In order to placate the public, the government might resort to borrowing money from the commercial banks as we as Reserve Bank. It would borrow from commercial banks by issuing bonds. This might crowd out corporate borrowings by both making the loanable fund scarce and raising interest rates. This could lead to the slowing down of business activities, even to recession.

The government borrowing from the central bank is mere euphemism for instructing the bank to print extra bank notes so as to fund government programmes. If too many notes enter the economy while production of goods remains unchanged, we face the bogey of too much money chasing too few goods, resulting in galloping or double-digit inflation.

The newly-appointed Minister of Finance, Economic Planning and Development Goodall Gondwe has made promises to push down the inflation to single digit. We will welcome success in this noble goal but difficulties cannot be wished away.

He has welcomed the decline in the price of a bag of maize from K10 000 to K3 000. No doubt consumers are happy to buy the essential commodity at the price they can afford.

But are the producers equally delighted with the lower prices? Possibly some if not many will tell you it does not cover the costs of the fertilisers and other inputs they used. Instead of complaining verbally, some farmers might just turn their hectares of land to the production of commodities other than maize thereby causing shortage of food and the resumption of inflationary prices. About the lowering of inflation, let us be optimistic without being unrealistic.

The third alternative source would be countries that are currently not part of the charmed circle that jointly support us. But who are they?
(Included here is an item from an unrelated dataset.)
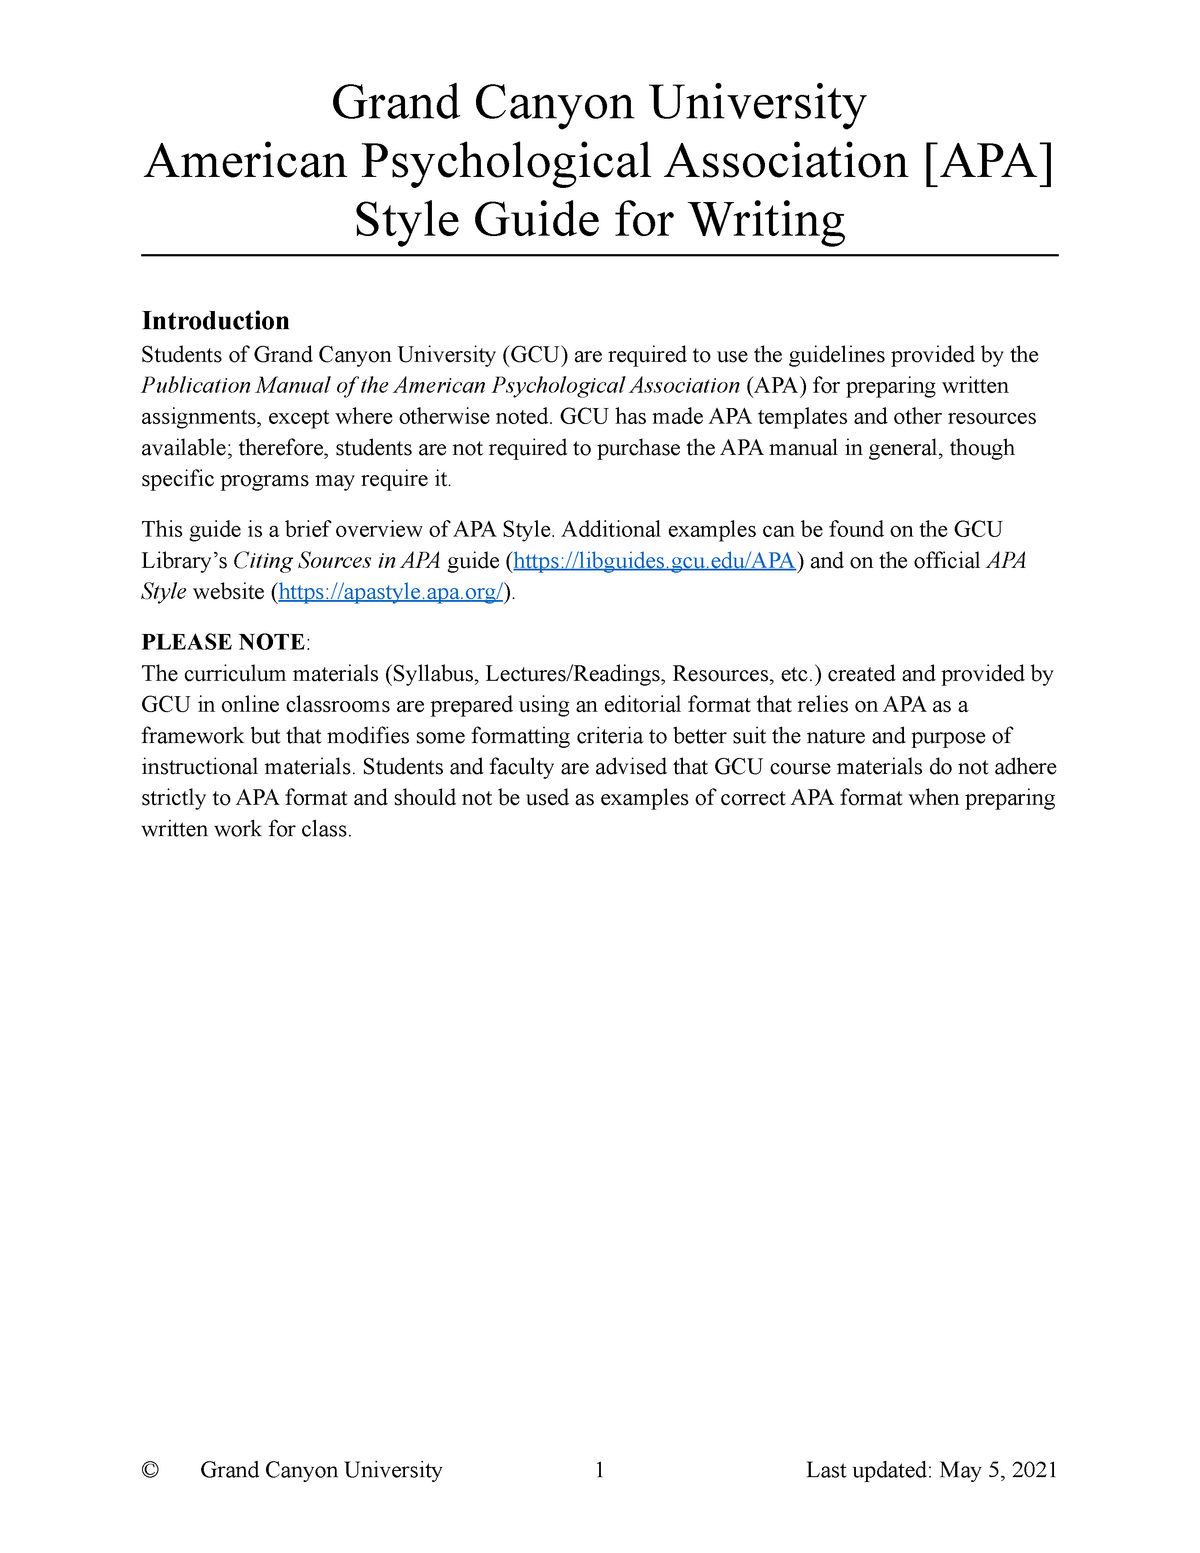 APA 7th edition style guide Grand Canyon University American

What can we do so as to induce donors, the International Monetary Fund and World Bank to resume the aid? We must meet their standards of probity and performance.

The Cashgate scandals must be tackled relentlessly. Time and time again in the past we have heard the term “zero tolerance”. Let us hope that this time action will speak louder than words, louder enough for all stakeholders to hear them.

The economic reforms that Joyce Banda introduced may have contributed to her election defeat just as they did in countries such as Greece and Italy. All the same the donors insist that the reforms must continue or else no turning on the aid taps.

The authorities must be good at public relations and educate civil servants and other that there is no gain without pain. For some civil servants to threaten the government with strike when their colleagues have stolen billions of kwacha from State coffers is not a jolly good behaviour.